Figure 5. Isoform switch (IS) events in CBRLK1. (A) Gene model of two alternatively spliced isoforms of CBRLK1 gene, AT1G11350.2 and AT1G11350.10, and their corresponding predicted protein domains. LEC, B-lectin domain; SL, S-locus glycoprotein domain; P, plant PAN/APPLE-like domain; CaMBD, calmodulin-binding domain. The position of the pair of primers used in rtPCR is illustrated by a set of arrows. (B) Isoform switch plots showing statistically significant switch of the two isoforms illustrated in panel A between Col-0 (DG3) and sr45-1 (DG3). (C) rtPCR showing the expression level of AT1G11350.2 and AT1G11350.10 in all samples used in RNA-seq. Numbers 1–3 represent three biological replicates. (D) Alignment of predicted protein models for the two CBRLK1 isoforms illustrated in (A). (E) Defense response to PmaDG3 in CBRLK1.10 overexpression lines, n = 6. Error bars represent standard deviations. One-way ANOVA followed by Tukey's HSD test was used for statistical analysis. Letters a–c represent statistically significant difference (p < 0.05).
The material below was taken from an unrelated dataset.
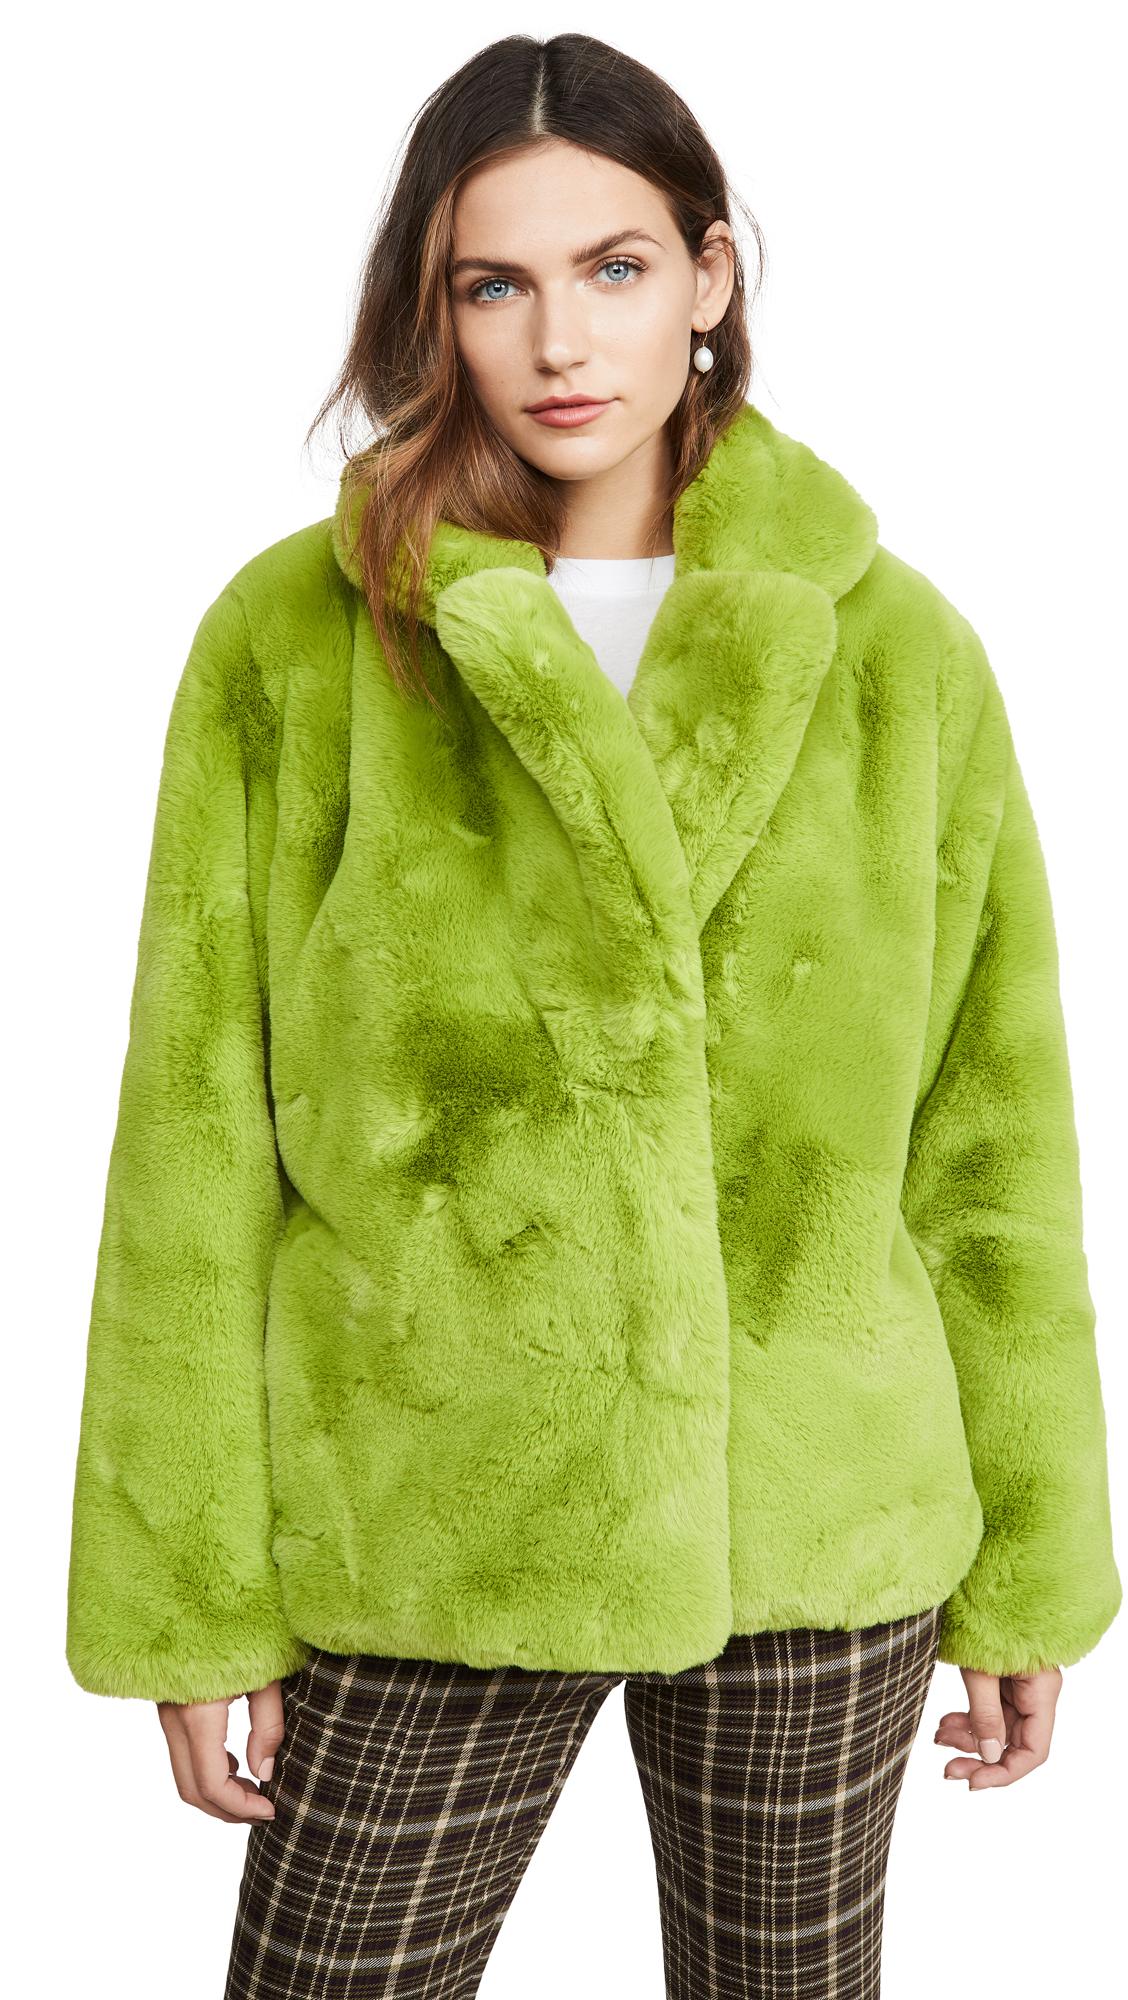 Apparis Manon Faux Fur Jacket - Neon Green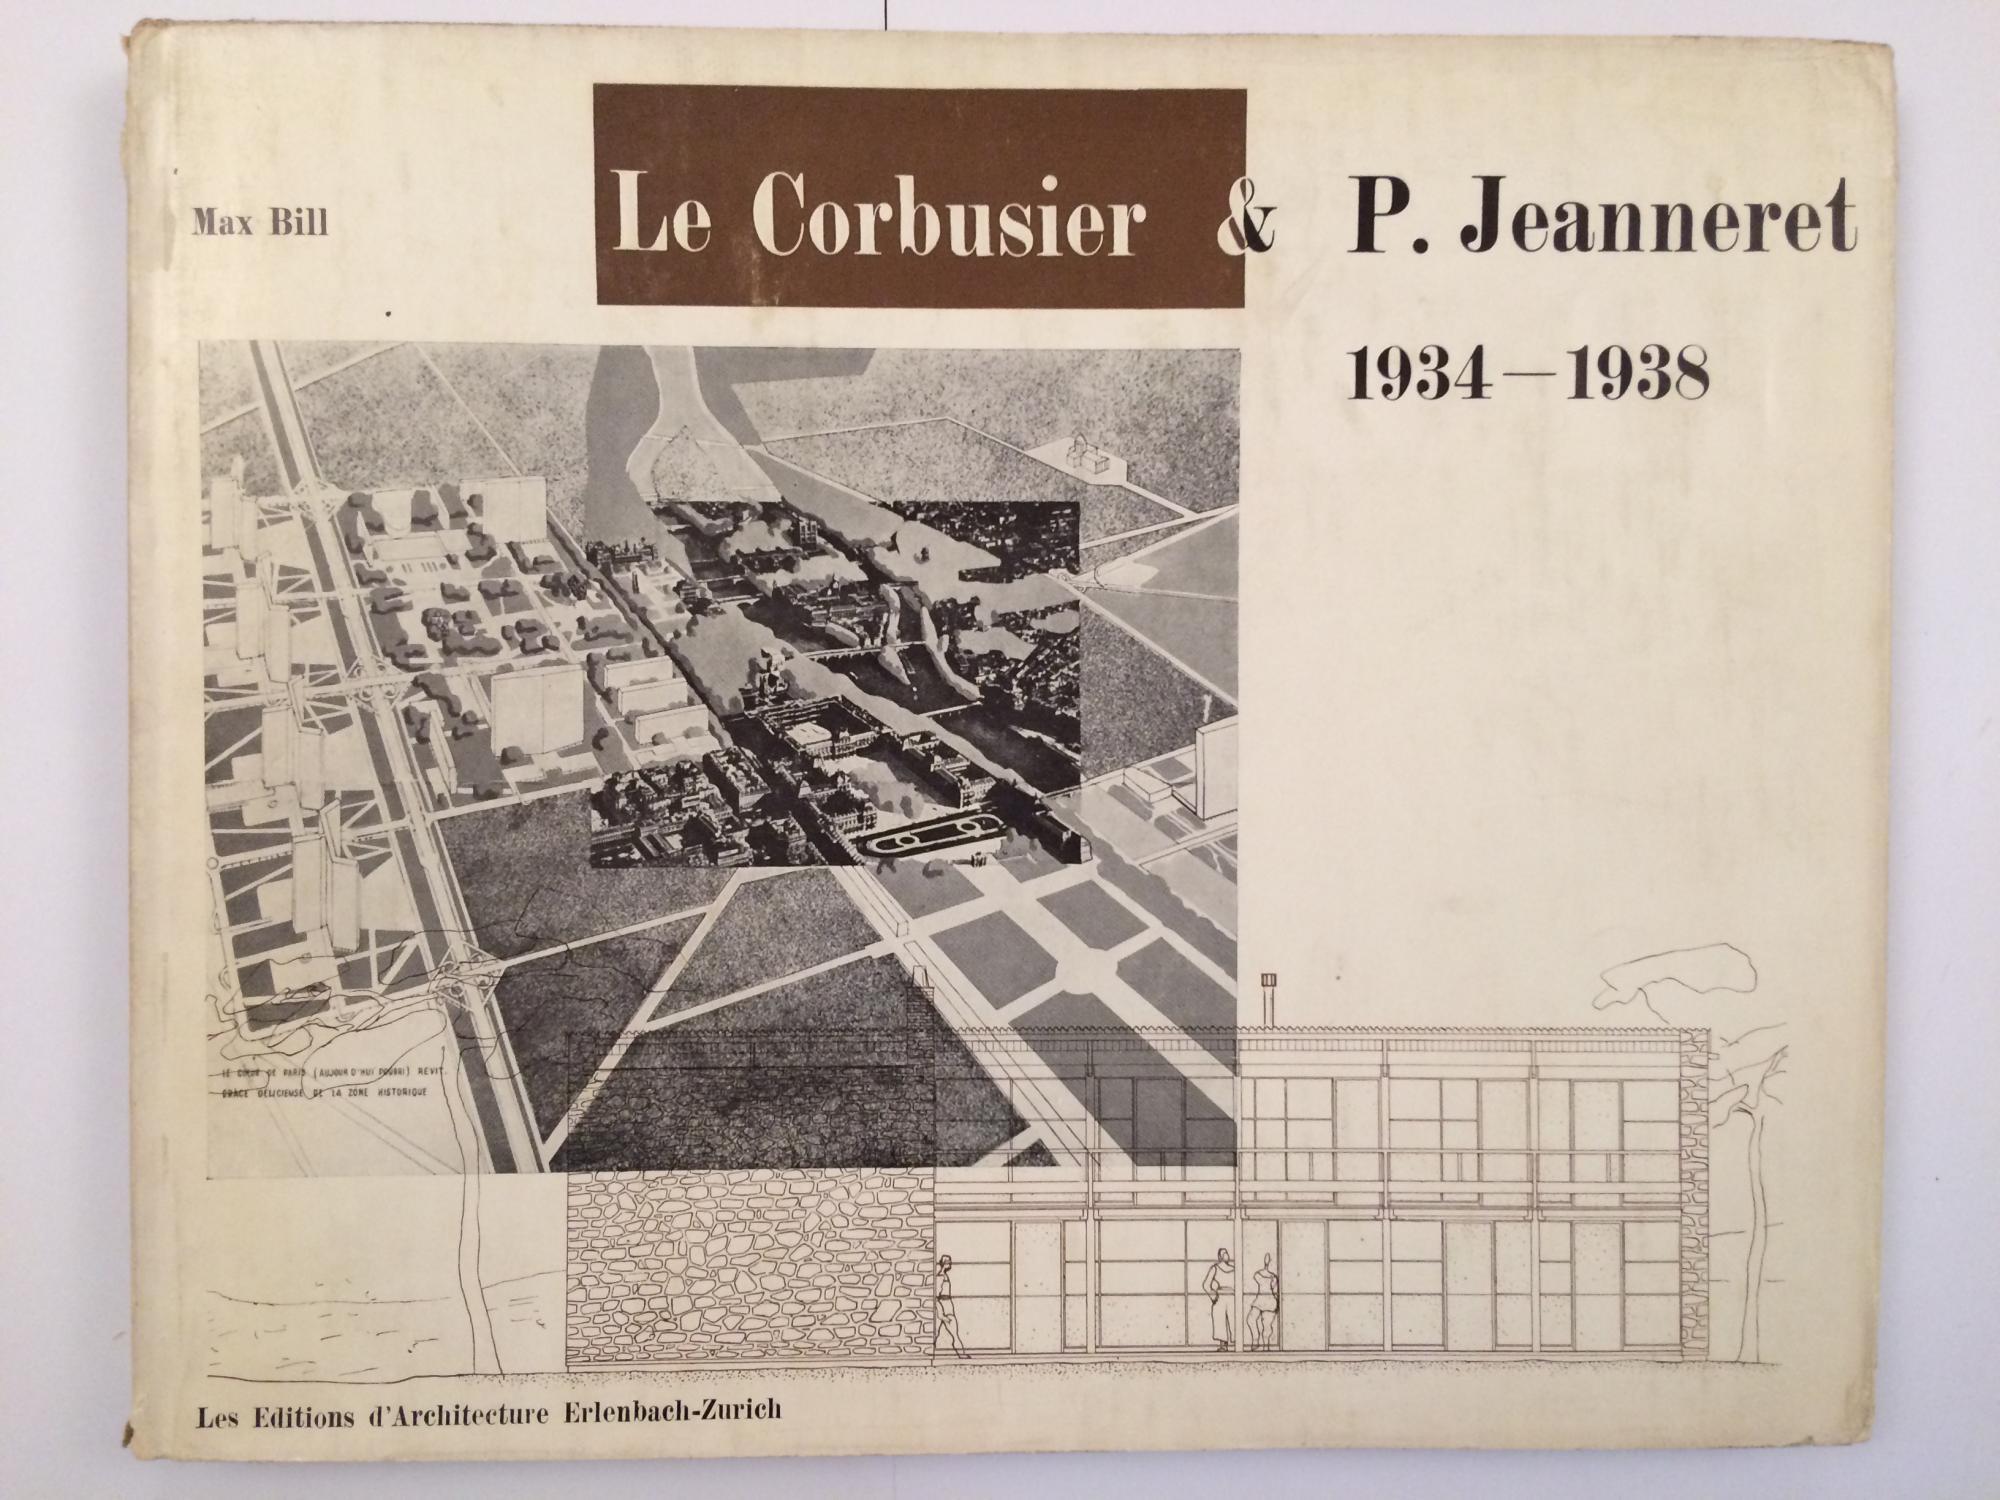 le corbusier p jeanneret oeuvre compl te 1934 1938 by le. Black Bedroom Furniture Sets. Home Design Ideas

Experiment was repeated for at least two trials. (F) Defense response to PmaDG3 in CBRLK1.2 overexpression lines, n = 6. Error bars represent standard deviations. One-way ANOVA followed by Tukey's HSD test was used for statistical analysis. Letters a and b represent statistically significant differences (p < 0.05). Experiment was repeated for at least two trials. (G) rtPCR showing the expression level of AT1G11350.2 and AT1G11350.10 in overexpression lines. OE1.2, OE CBRLK1.2; OE1.10, OE CBRLK1.10. Two biological replicates were used for each genotype.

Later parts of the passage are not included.